Although it is not clear what the defendant must prove in order to satisfy each of these standards, this court has stated explicitly that the applicable standard of review is not equivalent to that by which we evaluate the sufficiency of the evidence. In Swenson v. Sawoska, 215 Conn. 148, 153, 575 A.2d 206 (1990), this court stated that denying reversal where other, properly admitted evidence was sufficient to sustain the verdict, a standard was “too restrictive in that it does not encompass situations where the erroneously admitted evidence, while not necessary itself to sustain the jury’s verdict, may nonetheless have affected the jury’s perception of the remaining evidence. Such a standard is inappropriate because it would require that we treat as harmless error any evidentiary ruling, regardless of its effect upon the verdict, so long as the evidence not implicated by the ruling was sufficient as a matter of law to sustain the verdict.” Because this court’s “review of evidential rulings, whether resulting in the admission or exclusion of evidence” is the same; Casalo v.
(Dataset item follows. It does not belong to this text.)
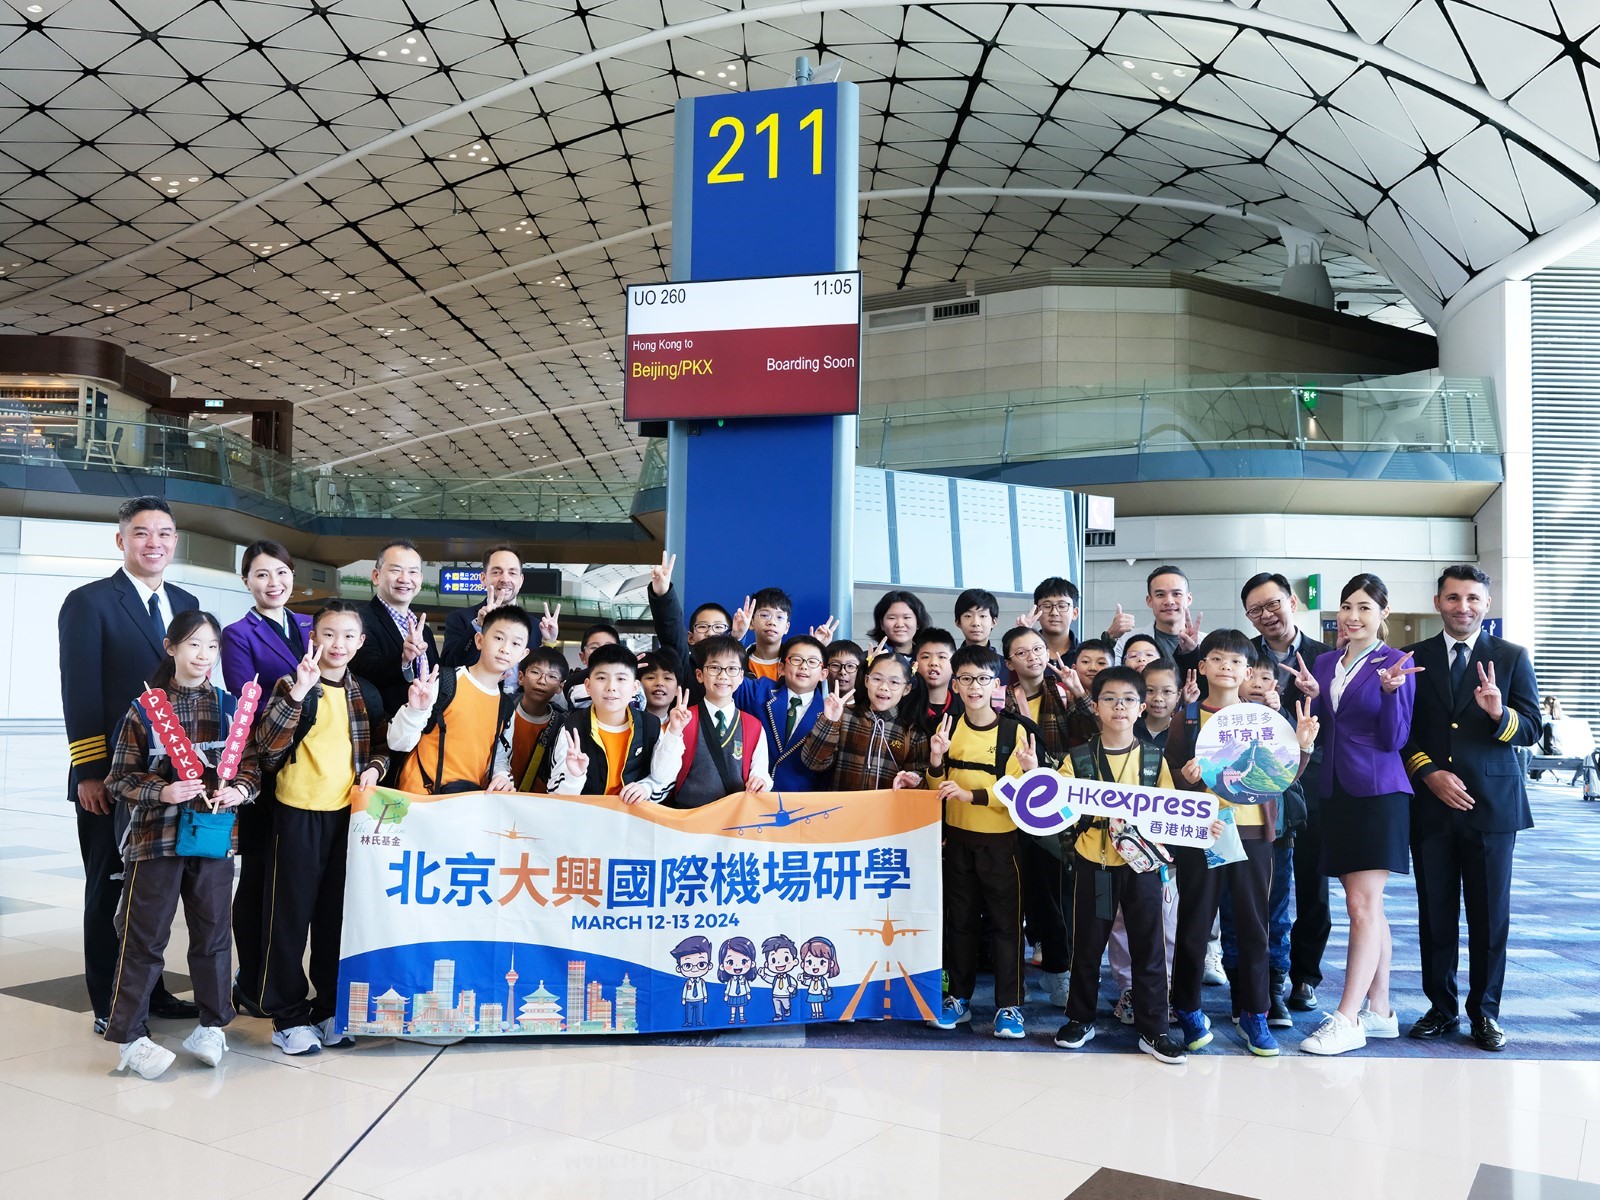 HK Express is thrilled to announce the inauguration of a new route between Hong Kong and Beijing Daxing International

Claro, 147 Conn. 625, 630, 165 A.2d 153 (1960); Swenson is equally applicable to the present case, where the trial court’s ruling resulted in the exclusion of evidence. This language shows quite clearly that it is not enough merely to show that other, properly admitted evidence, was sufficient to sustain the verdict. Swenson recognized that individual pieces of evidence do not exist in a vacuum and acknowledged that a piece of evidence, seemingly unimportant in its own right, may affect the fact finder’s interpretation of other highly significant evidence. Swenson v. Sawoska, supra, 153; cf. Costello v. Costello, 134 Conn. 536, 544, 59 A.2d 520 (1948) (where erroneous evidentiary rulings do not relate to evidence that “reasonably could have affected the verdict,” reversal not warranted).
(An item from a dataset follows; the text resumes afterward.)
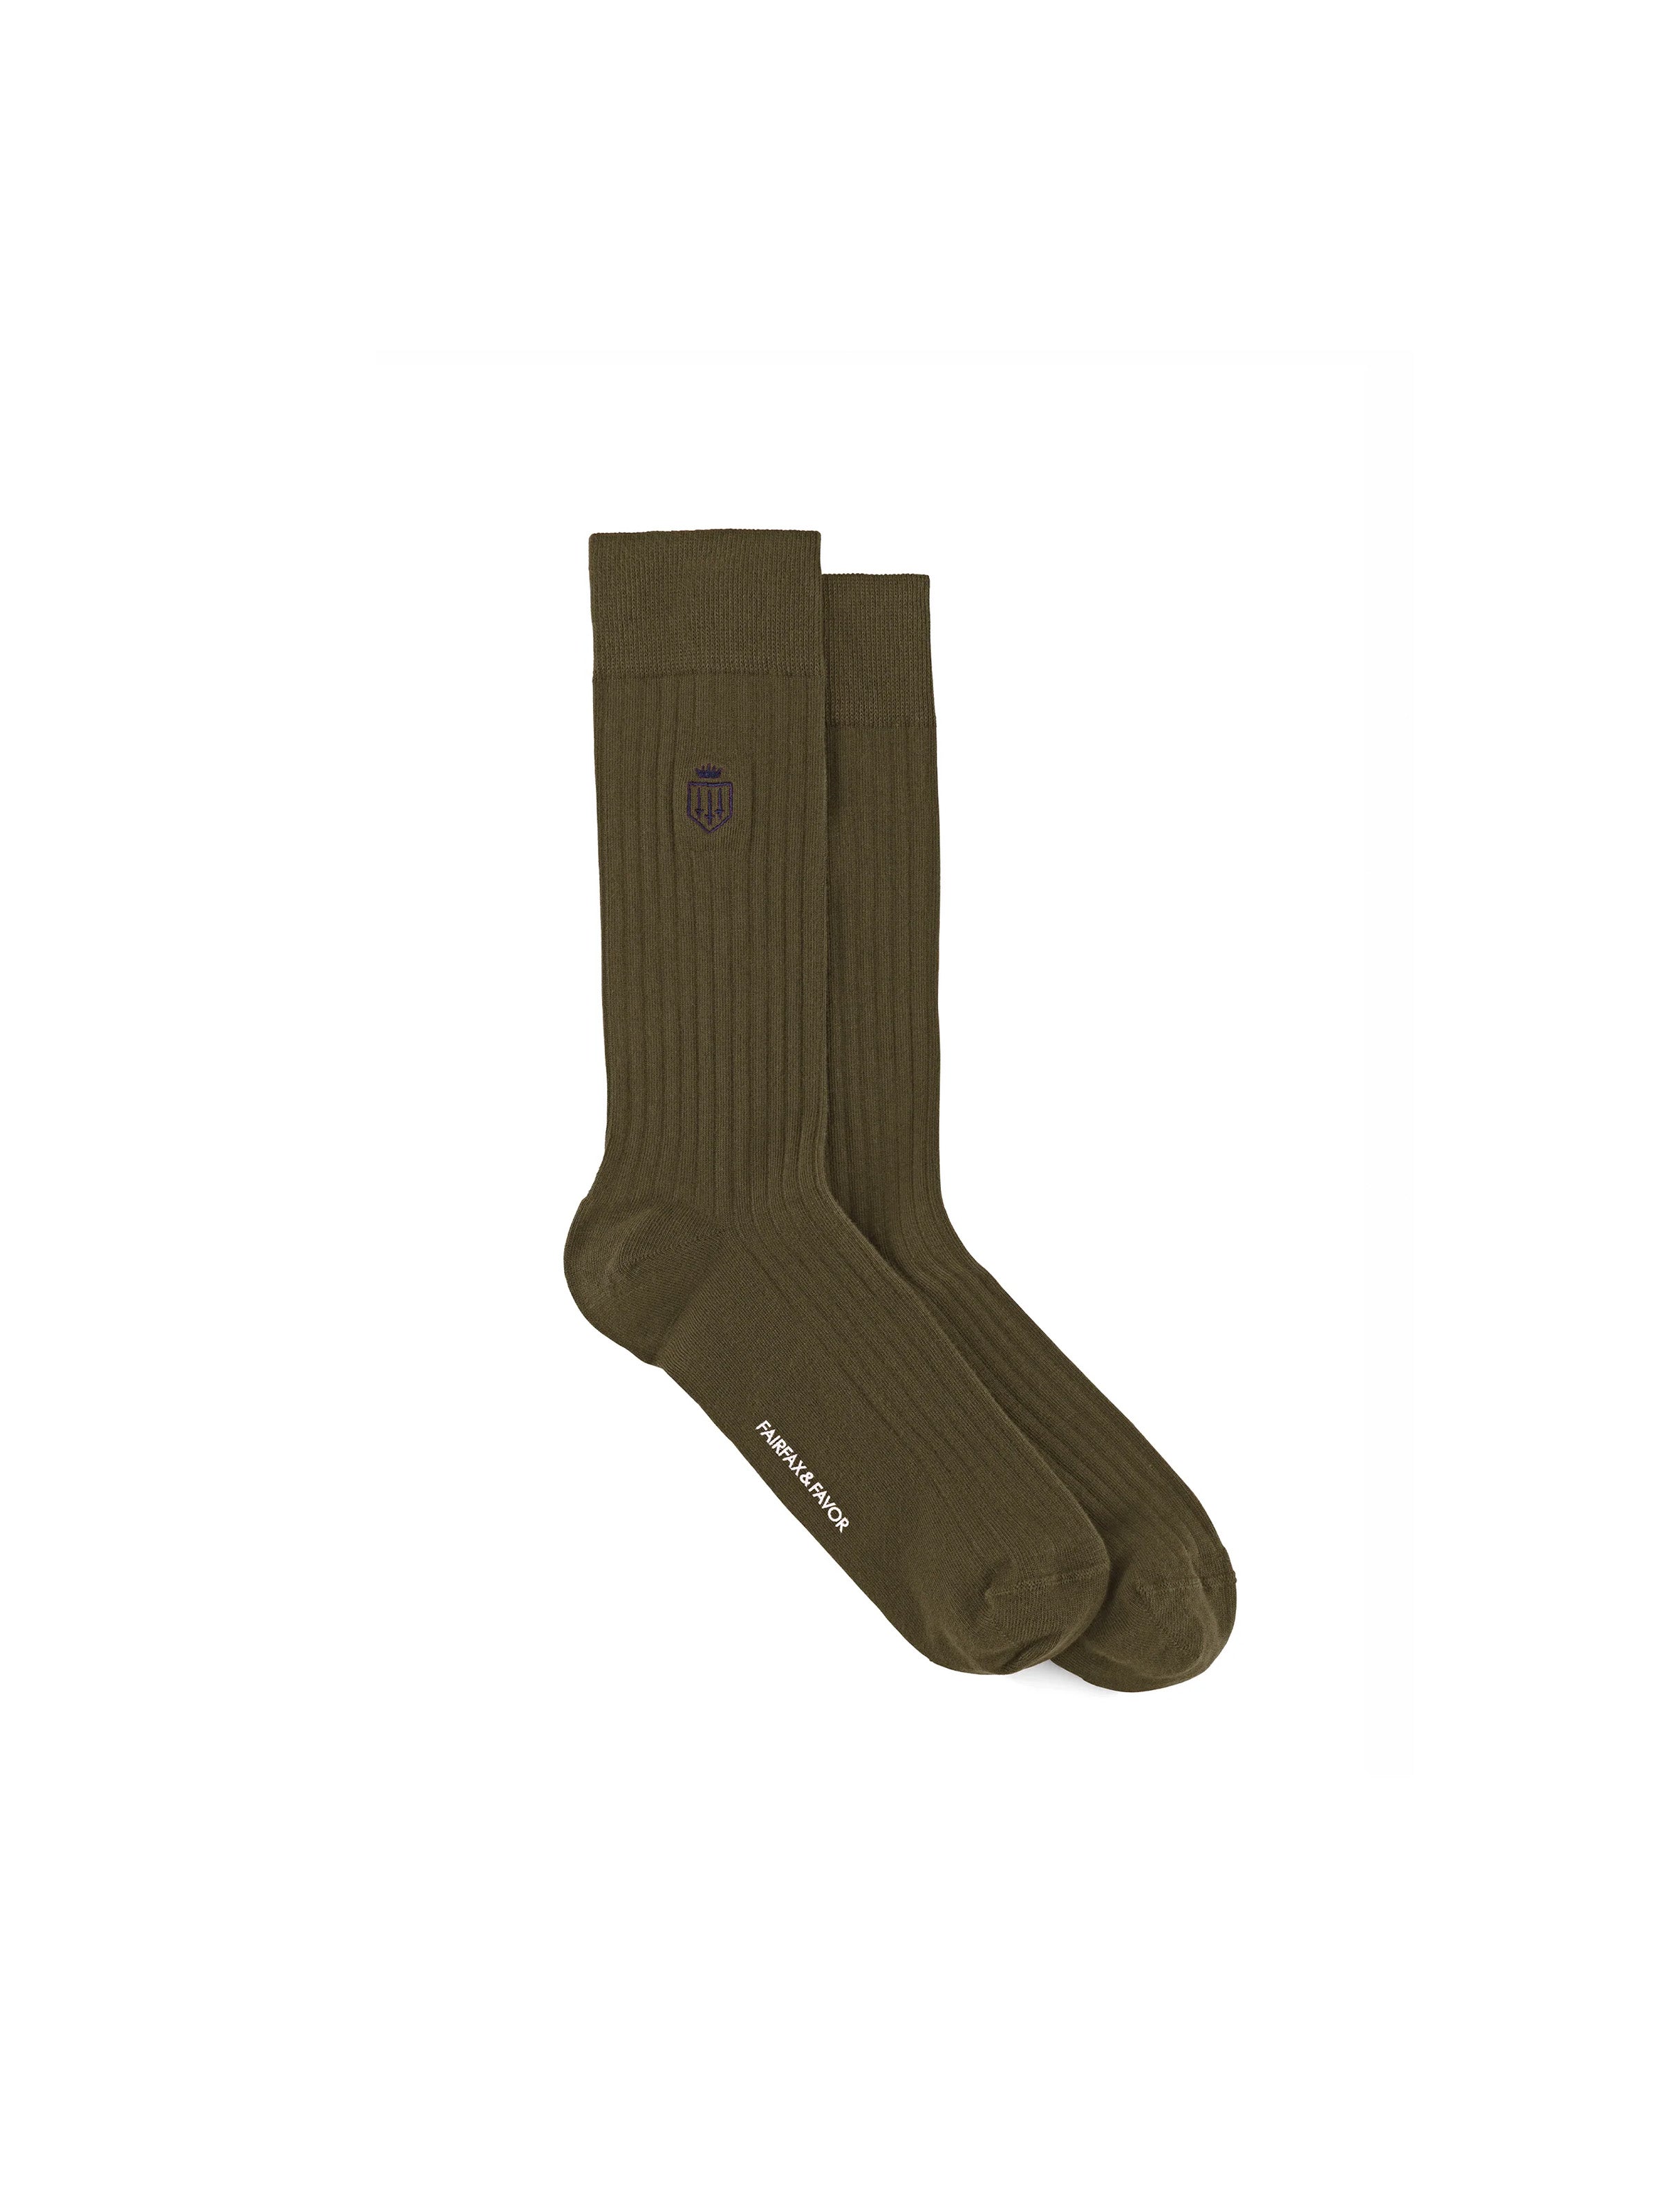 Short Wool Ribbed Dress Socks - The Ben Silver Collection

 Whether proffered evidence is cumulative is relevant to the issue of whether the prejudicial nature of that evidence substantially outweighs its probative value as well as to the question of whether the exclusion of the evidence will be held to be harmless. Because the trial court did not analyze the probative value or prejudice resulting from the admission of the evidence, however, I address the question of whether the evidence was cumulative only in the latter context.
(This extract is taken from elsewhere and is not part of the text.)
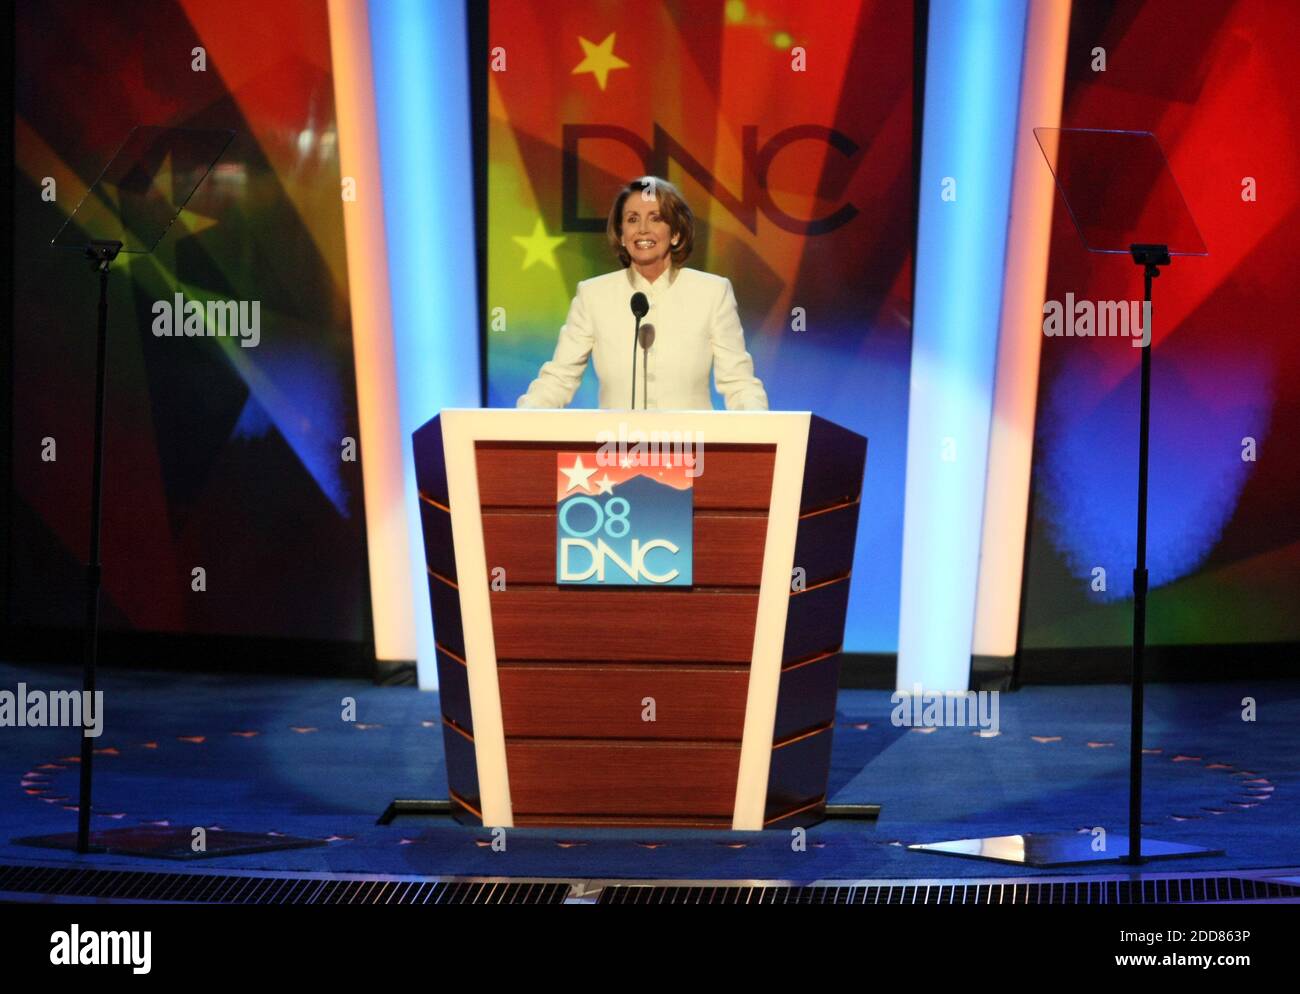 NO FILM, NO VIDEO, NO TV, NO DOCUMENTARY - Speaker of the U.S. House of Representatives and Permanent Chair of the 2008 Democratic Convention Nancy Pelosi speaks at the party's national convention in Denver, CO, USA on August 25, 2008. Photo by Brian Baer/Sacramento Bee/MCT/ABACAPRESS.COM Stock Photo

 The majority states that this case is comparable to State v. Munoz, supra, 233 Conn. 114-15 n.5, and State v. Person, 236 Conn. 342, 359, 673 A.2d 463 (1996) (Borden, J., concurring), in which it was noted (hat the presentation of inconsistent defenses might reasonably cause a jury to become skeptical about the defendant’s entire case. In Person, the trial court erroneously refused to charge the jury on the defense of extreme emotional disturbance where the defendant’s own testimony contradicted the claim that he was emotionally upset at the relevant time. State v. Person, supra, 356. In Munoz, the defendant claimed that he had stabbed the victim in self-defense, though not fatally, that he had an alibi for the time of death and that someone else had delivered the fatal blow. State v. Munoz, supra, 114-15. By contrast with those cases, the defenses in the present case are not necessarily inconsistent. The defendant is not claiming both that he stabbed the victim in self-defense and that someone else actually committed the crime. He is, *798instead, making two related but not inconsistent claims regarding his mental state at the time that he, admittedly, stabbed the victim.